Cap will help fight exploitative payday lending

The cap on the total cost of credit is an important step towards protecting consumers from the debt trap of excessive interest rates and charges, says Citizens Advice. Today, the Financial Conduct Authority, which regulates payday lenders, has announced a 100 per cent cap of the total cost of credit, meaning that from January no borrower will have to pay back more than double their original loan.

Gillian Guy, Chief Executive of national charity Citizens Advice said: "This cap means payday lenders can no longer force borrowers into an endless spiral of debt. This is a real improvement. People have sought help from Citizens Advice after their payday loan of £300 ballooned to over £2,500 worth of debt. The cap will help to stop these serious cases in which sky high interest and extortionate fees turn a small loan into an unmanageable debt."

"The FCA should monitor the cap, including whether it is set at the right level, to make sure it is working for consumers. They must also keep a close eye on whether lenders are sticking to the rules. Problems with high cost credit go well beyond payday loans. We’re concerned about the serious problems people are reporting with products like logbook and guarantor loans. As the new rules force payday lenders to treat customers more fairly, these other areas must be given more attention."

Every working day Citizens Advice Bureaux help with 100 new problems caused by payday loans. Analysis of 30,000 of the most serious debt cases found that young people were more likely use short term credit than other kinds of borrowing. Sixty two per cent of 17-25 year olds who use high cost credit and have come to Citizens Advice with a debt problem used payday loans.

Between April and August this year, Citizens Advice payday loans tracker found that:

  • 19% of people were told how to get free debt advice
  • 26% were treated sympathetically by their payday lender if they ran into difficulty
  • 22% were made aware of the risks of extending a loan
Just half were asked any questions about their finances before being given a loan. Earlier this year, our Freedom of Information request to the HM Courts and Tribunals Service showed that the number of logbook loans taken out this year was on track to reach 60,000, up 61% from 2011. This is based on 10,000 loans registered with the courts service in January and February this year.

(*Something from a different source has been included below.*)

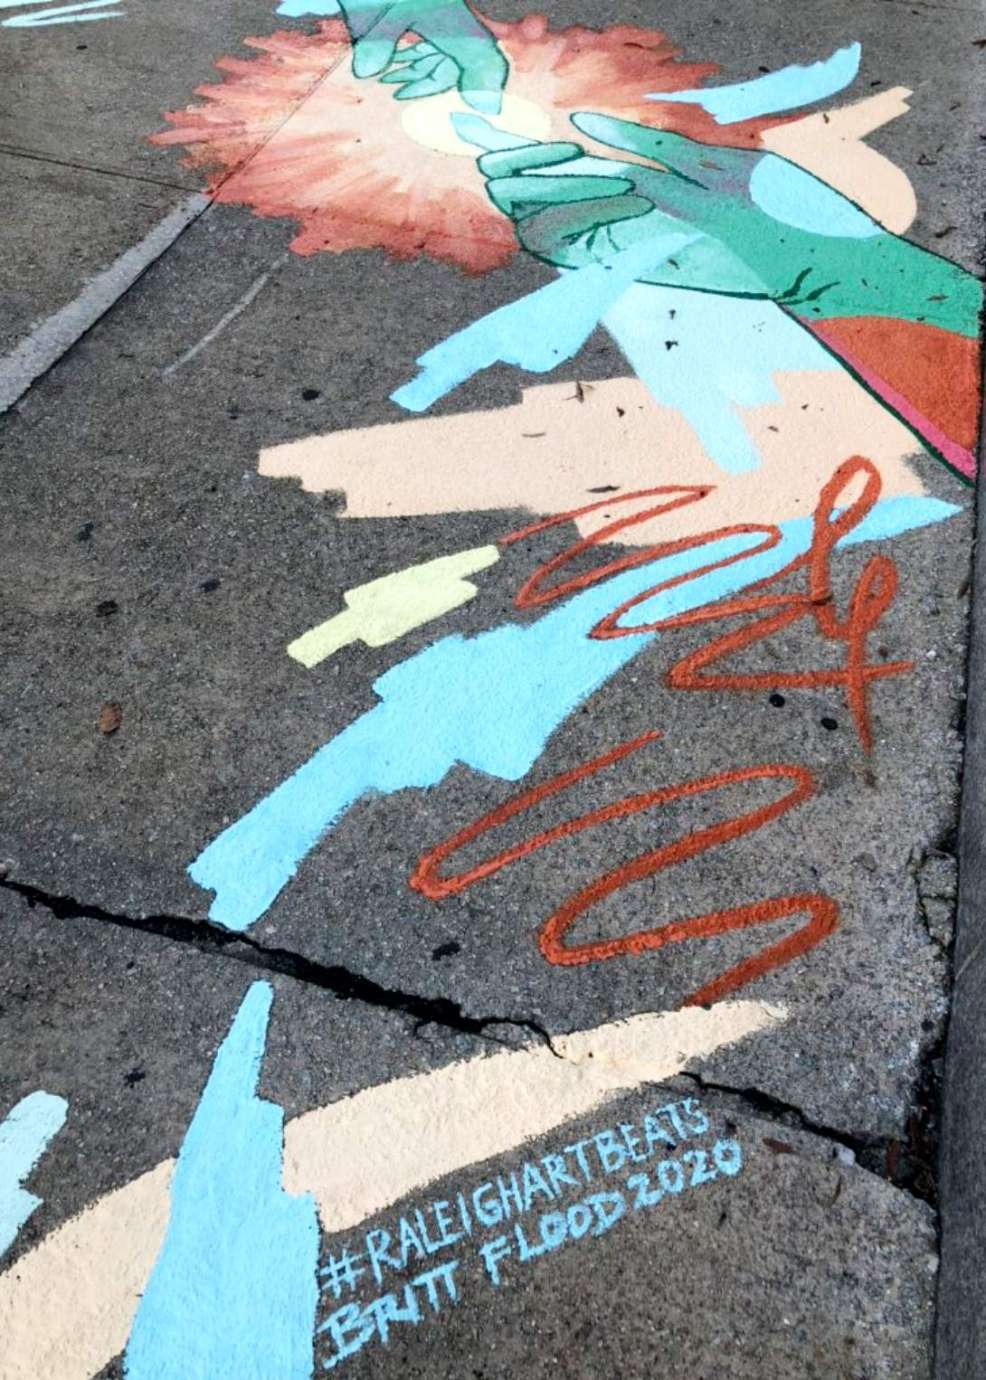 Sidewalk mural by artist Britt Flood

Commenting Chancellor George Osborne said: "We created a powerful new consumer regulator, the Financial Conduct Authority (FCA), to regulate the payday lending industry and legislated to require the FCA to introduce a cap on the cost of payday loans. The FCA has now confirmed the cap on the total cost of payday loans – not just the interest rate, but also the arrangement fees as well as the penalty fees – that will come into force in the New Year. This is all part of our long term economic plan to have a banking system that works for hardworking people and make sure some of the absolutely outrageous fees and unacceptable practices are dealt with."